E = it maps each arc (a ∈ A) into the expression e

{e1 (src, dest, src_ip, dest_ip, n1), e2 (acl_src, acl_dest, state1), e3 (src, dest, src_ip, dest_ip, n1, state1), e4 (src, dest, src_ip, dest_ip, n1, state1), e5 (src, dest, src_ip, dest_ip, n1, state1), e6 (“Block”, n1), e7 (src, dest, src_ip, dest_ip, n1, state1), e8 (src, dest, src_ip, dest_ip, n1, state1), e9 (n1), e10 (“Block”, n1), e11 (“Block”), e12 (n1), e13 (1`n1), e14 (n2, state2), e15 (n2, state2), e16 (n2, state2), e17 (n2), e18 (n2, state2), e19 (1`n3), e20 (n2, n3), e21 (n2, n3), e22 (n3)}

I = the set of an initialization functions

{I1 (P1, P2, P3, P5, P6), I2 (P1, P2, P3, P4, P7), I3 (P1, P2, P3, P4, P8, P9, P10, P11), I4 (P1, P2, P3, P4, P8, P9, P10, P12, P13, P14)}

• V. Conclusions

The results shown propose a new model to verify web content integrity by using CPNs simulation.
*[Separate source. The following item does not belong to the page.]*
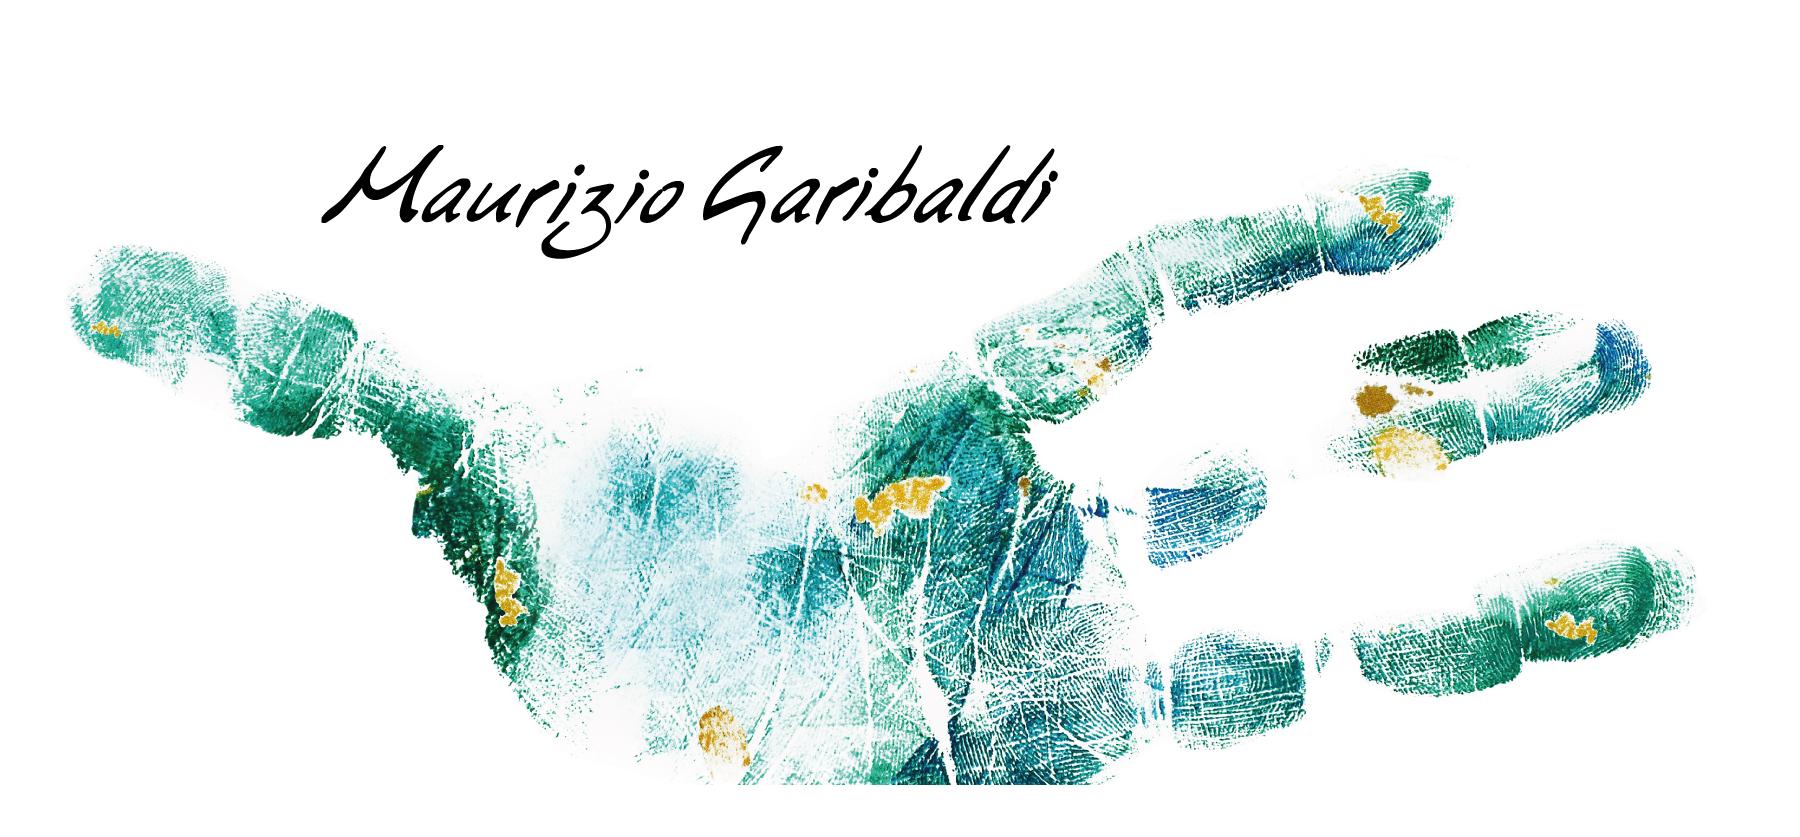 Maurizio Garibaldi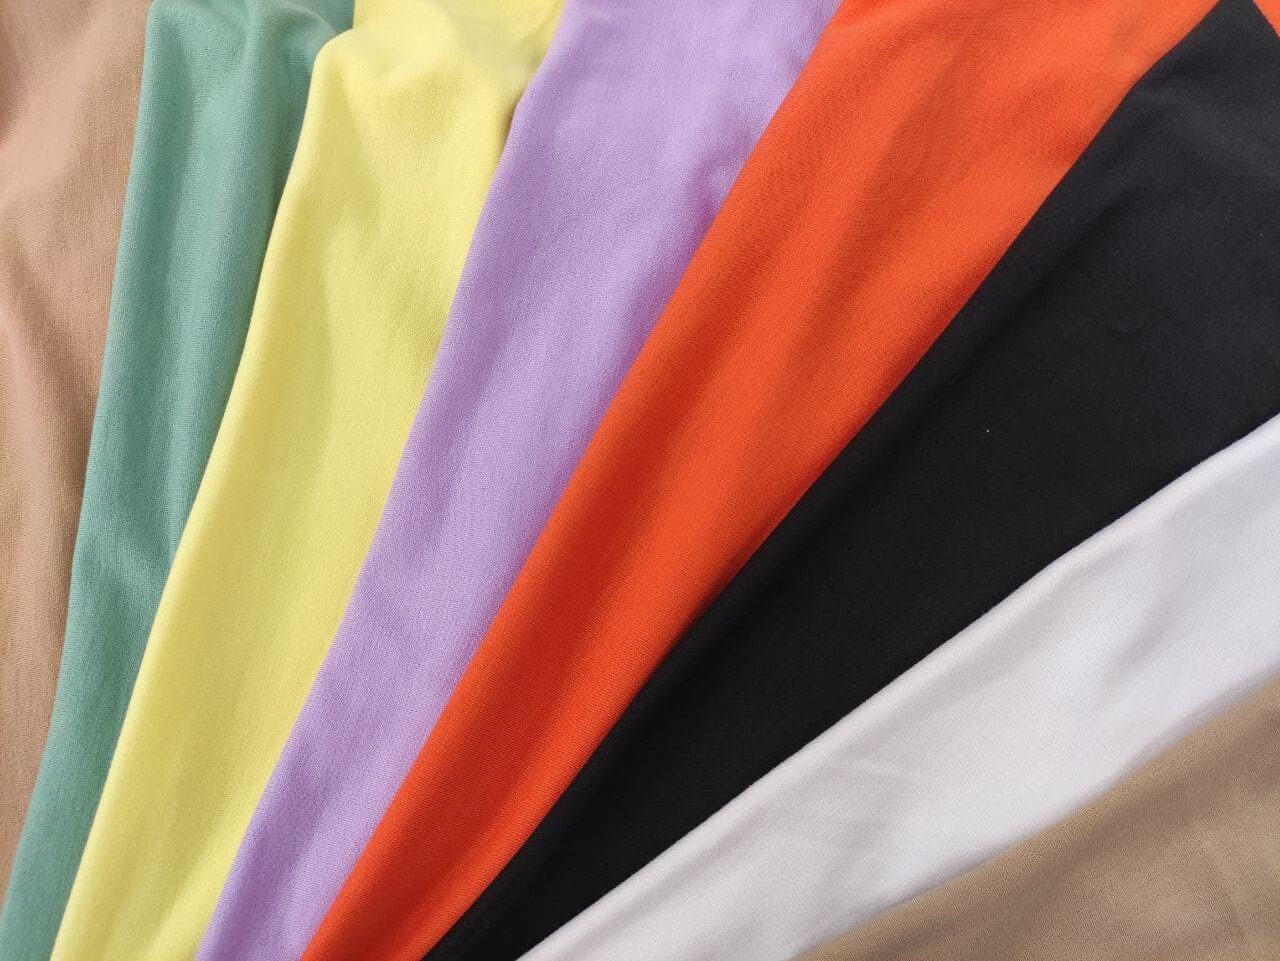 Купить ткани недорого и качественно купить интерьерную ткань в интернет магазине

The goal of this model not only supports maintaining integrity of data, but also ensures that the web content is secure. The model achieves two aims: detection tampering and recovery of web content. Furthermore, the model uses firewall filtering to detect malicious attacks. Finally, when the model detects abnormal behavior, it then sends two actions at the same time; blocking the malicious attack and checking the web content integrity.